Я запнулся на этой мысли, словно испугался того, с какой охотой сердце мое готово отдаться ей. Мысль эта настойчиво возвращалась ко мне, пока я, наконец, не впал в забытье; я отнюдь не чувствовал недомогания, которое, думалось мне, будет томить меня до самого утра, а, наоборот, весь остаток ночи провел в упоительном сне.
При пробуждении в сознании моем прежде всего возникли образы, нежно запечатлевшиеся в нем, когда я засыпал. Они так все заполонили, что как бы свели на нет мой первоначальный план; у меня не оказалось и следа мечтаний, какие я лелеял несколько дней. Мне не терпелось увидеться с Теофеей; но я жаждал этой встречи в надежде найти ее такою, какою с радостью представлял себе, или, по крайней мере, в том настроении, какое ей приписывал. Желание это было до того сильно, что я боялся ошибиться в своих чаяниях. Едва я узнал, что в спальне ее подняты шторы, как послал узнать, можно ли мне к ней прийти. Рабыня ответила по ее поручению, что она просит немного подождать; она скоро встанет. Но мне хотелось застать ее в постели, с единственной целью спокойствием своим доказать, что ночь совершенно изменила мои планы. Она несколько смутилась, что я вошел так скоро, и в замешательстве просила меня извинить нерасторопность ее невольницы. Я успокоил ее сдержанной речью, заверяя, что ей нечего опасаться с моей стороны. Как же она была, однако, хороша в таком виде, и как легко было ее чарам поколебать все принятые мною решения!
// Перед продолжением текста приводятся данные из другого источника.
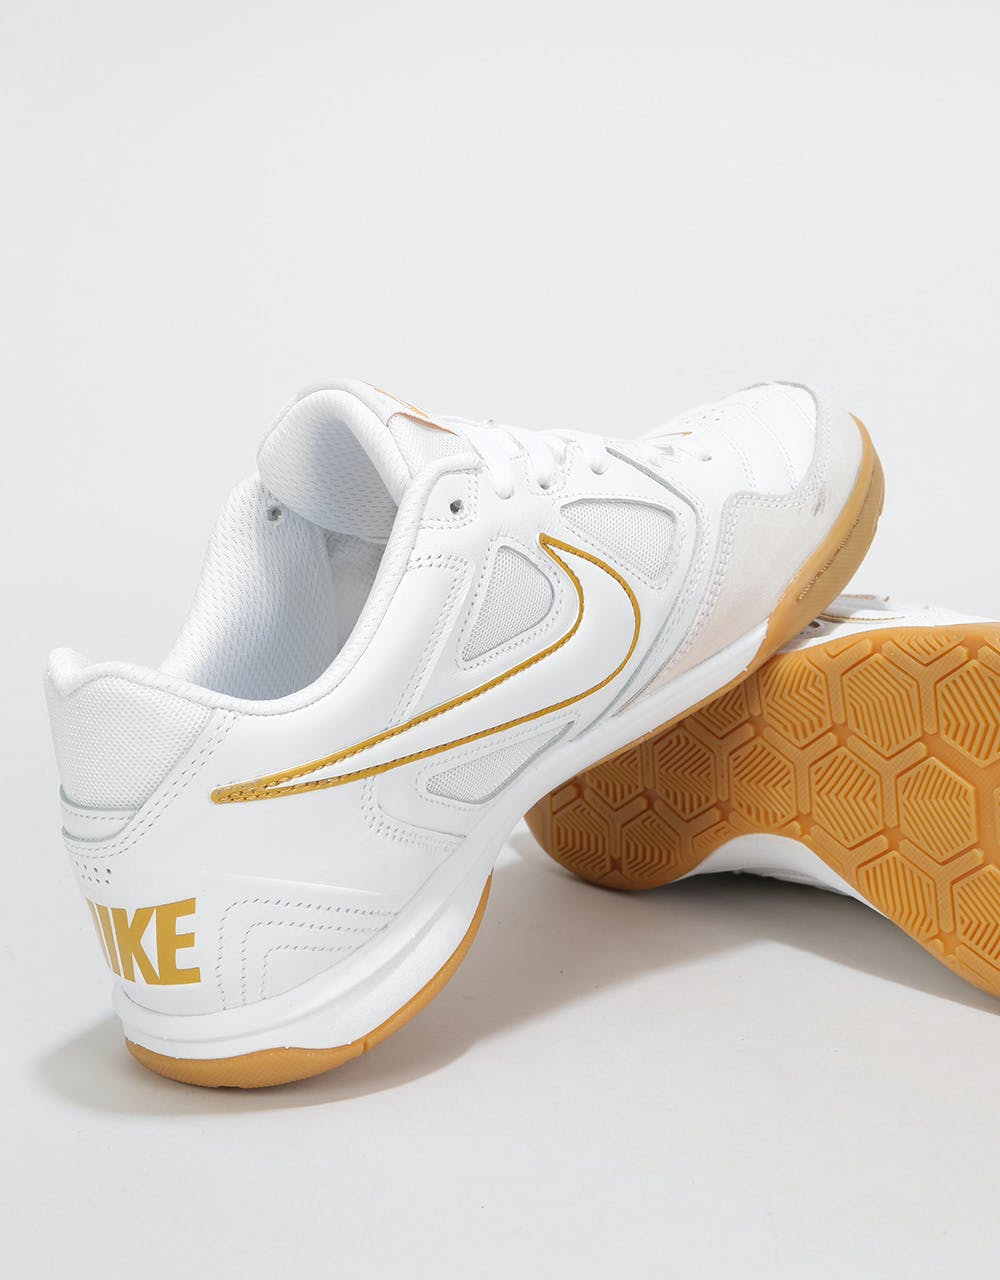 Nike SB Gato Skate Shoes - White/White-Metallic Gold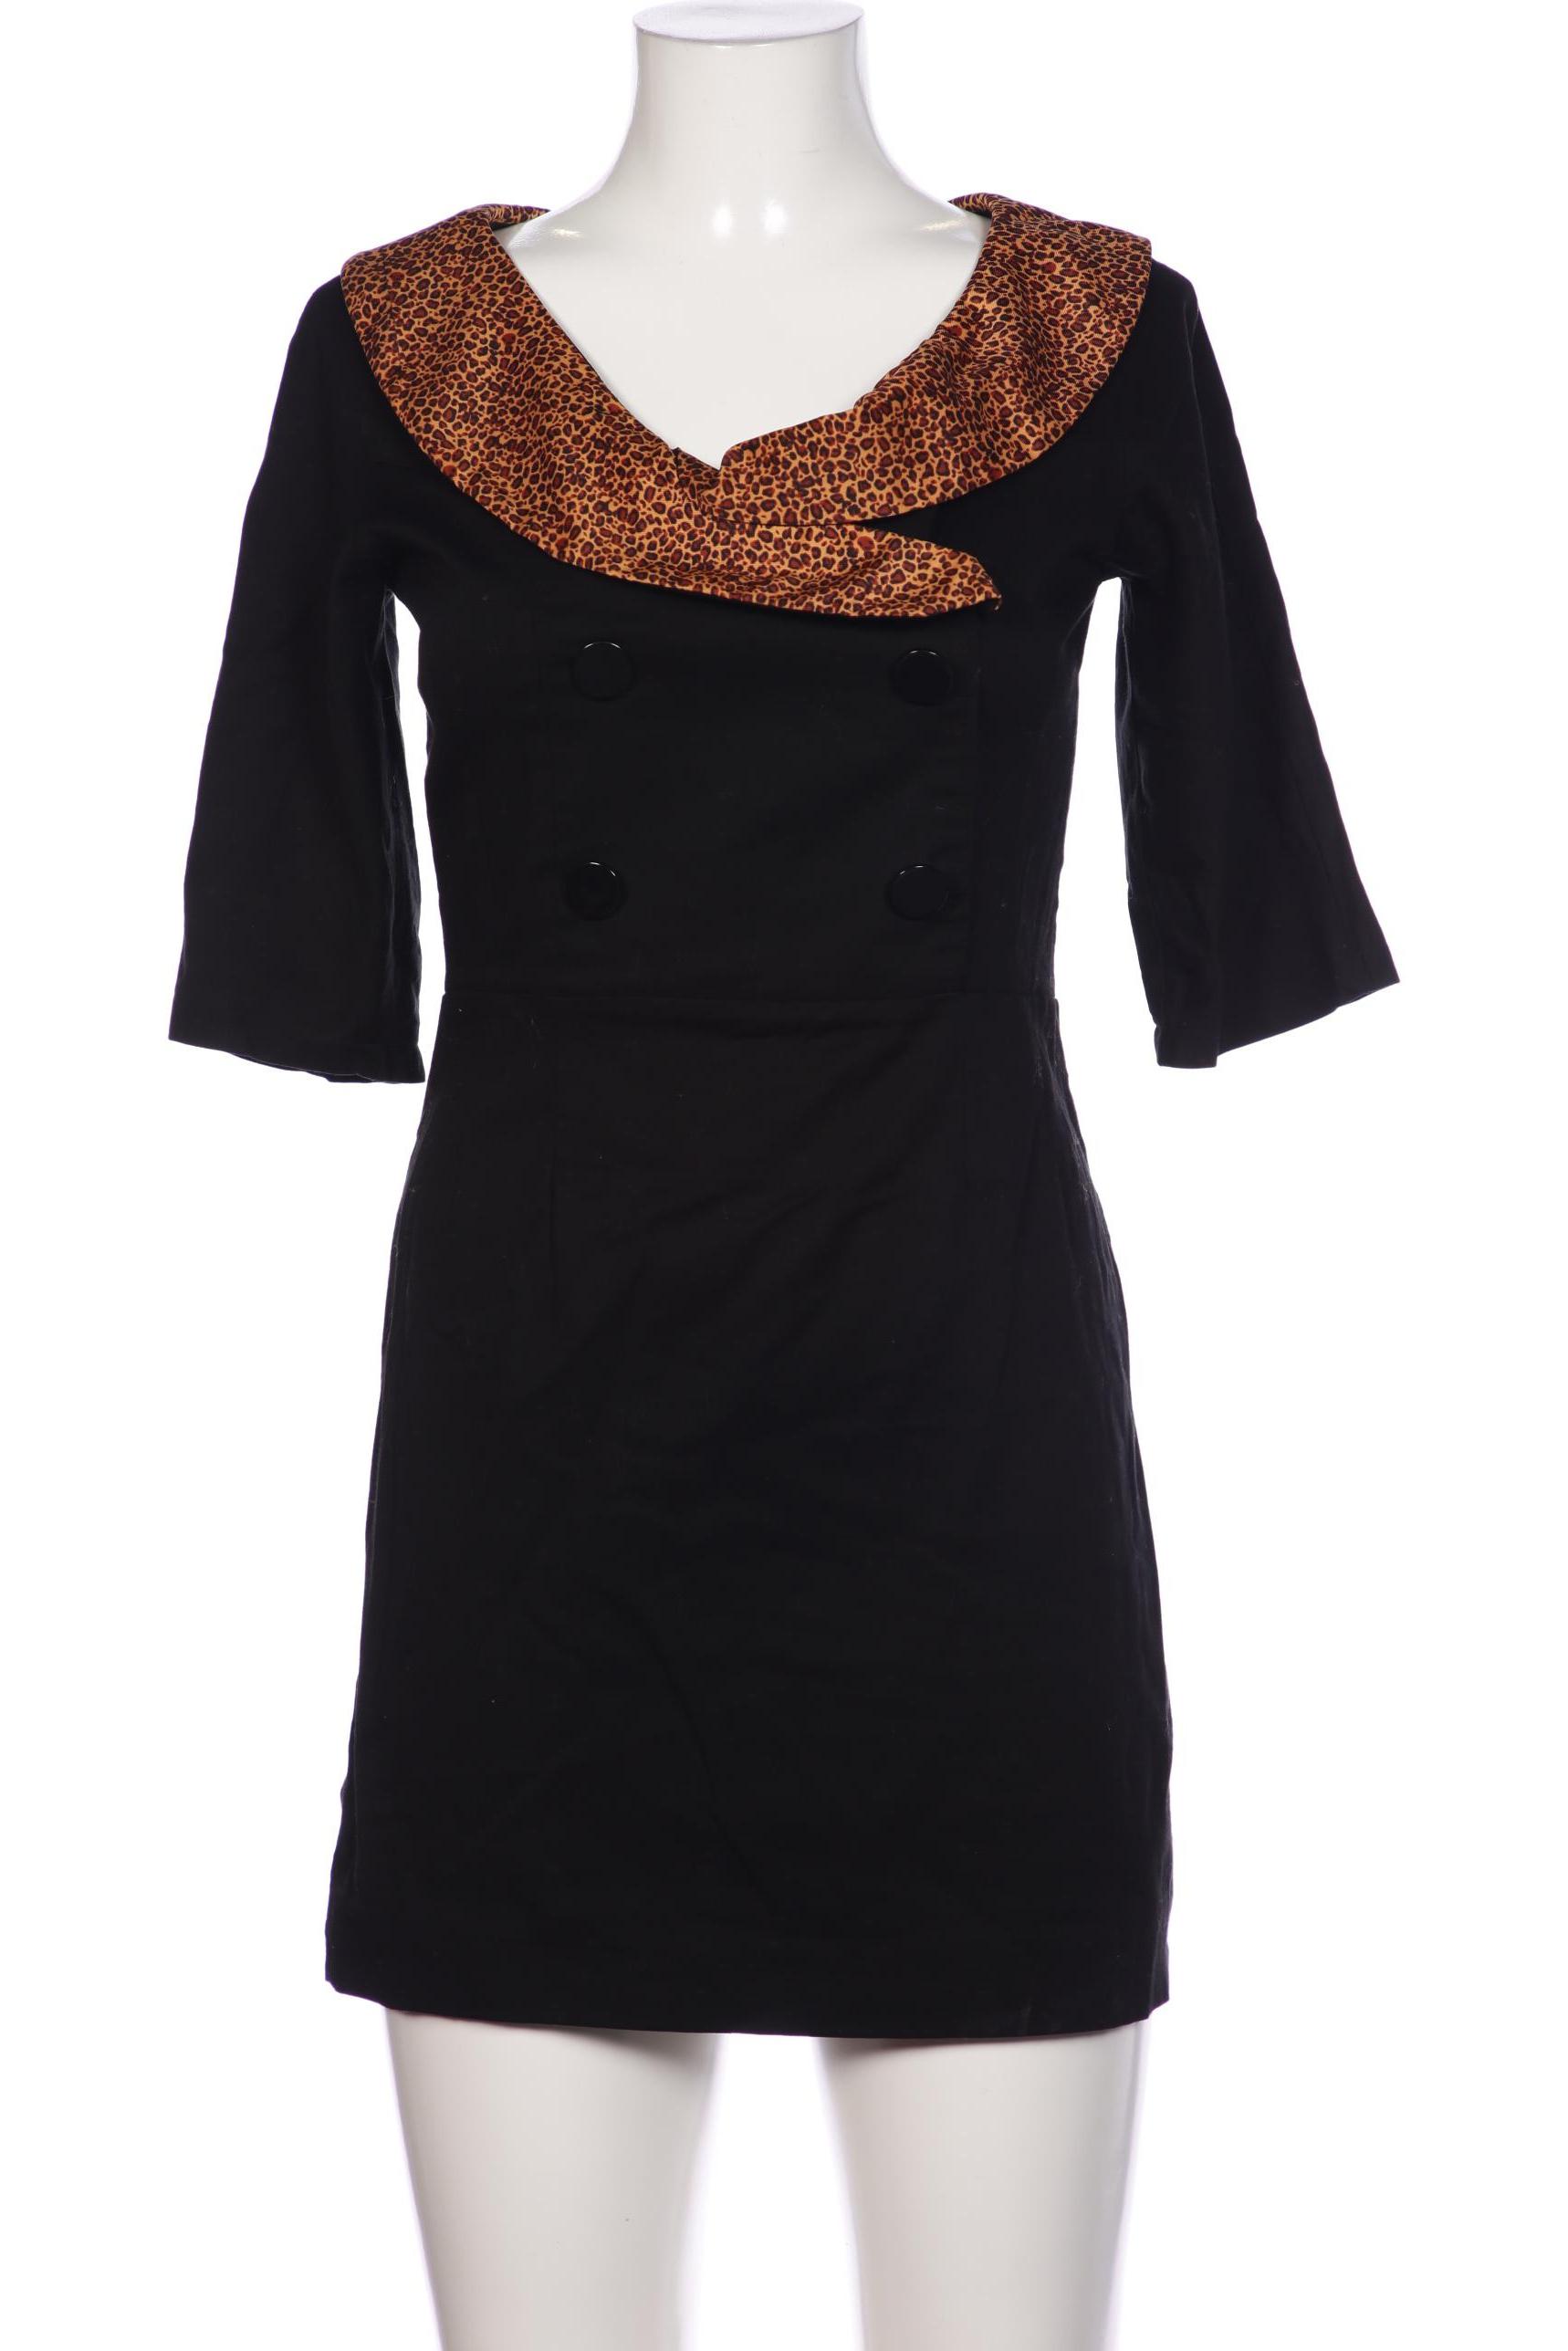 Lindy Bop Damen Kleid, schwarz, Gr. 40 von lindy bop

— Вы обещали дать мне кое-какие разъяснения, — сказал я серьезно, — и я с нетерпением жду их; но прежде извольте выслушать мои. Какие бы желания ни были мною высказаны вчера, я подчинился вашей воле, и по этому вы можете судить, что я никогда не требую от женщины чего-либо, что она не склонна пожаловать мне добровольно. К такому доказательству моих намерений я сегодня добавлю слова, которые еще раз подтвердят это. А именно: какою бы целью вы ни руководились, соглашаясь приехать сюда со мною, вы неизменно свободны стремиться к ней, так же как сейчас вольны пояснить или не пояснить ее.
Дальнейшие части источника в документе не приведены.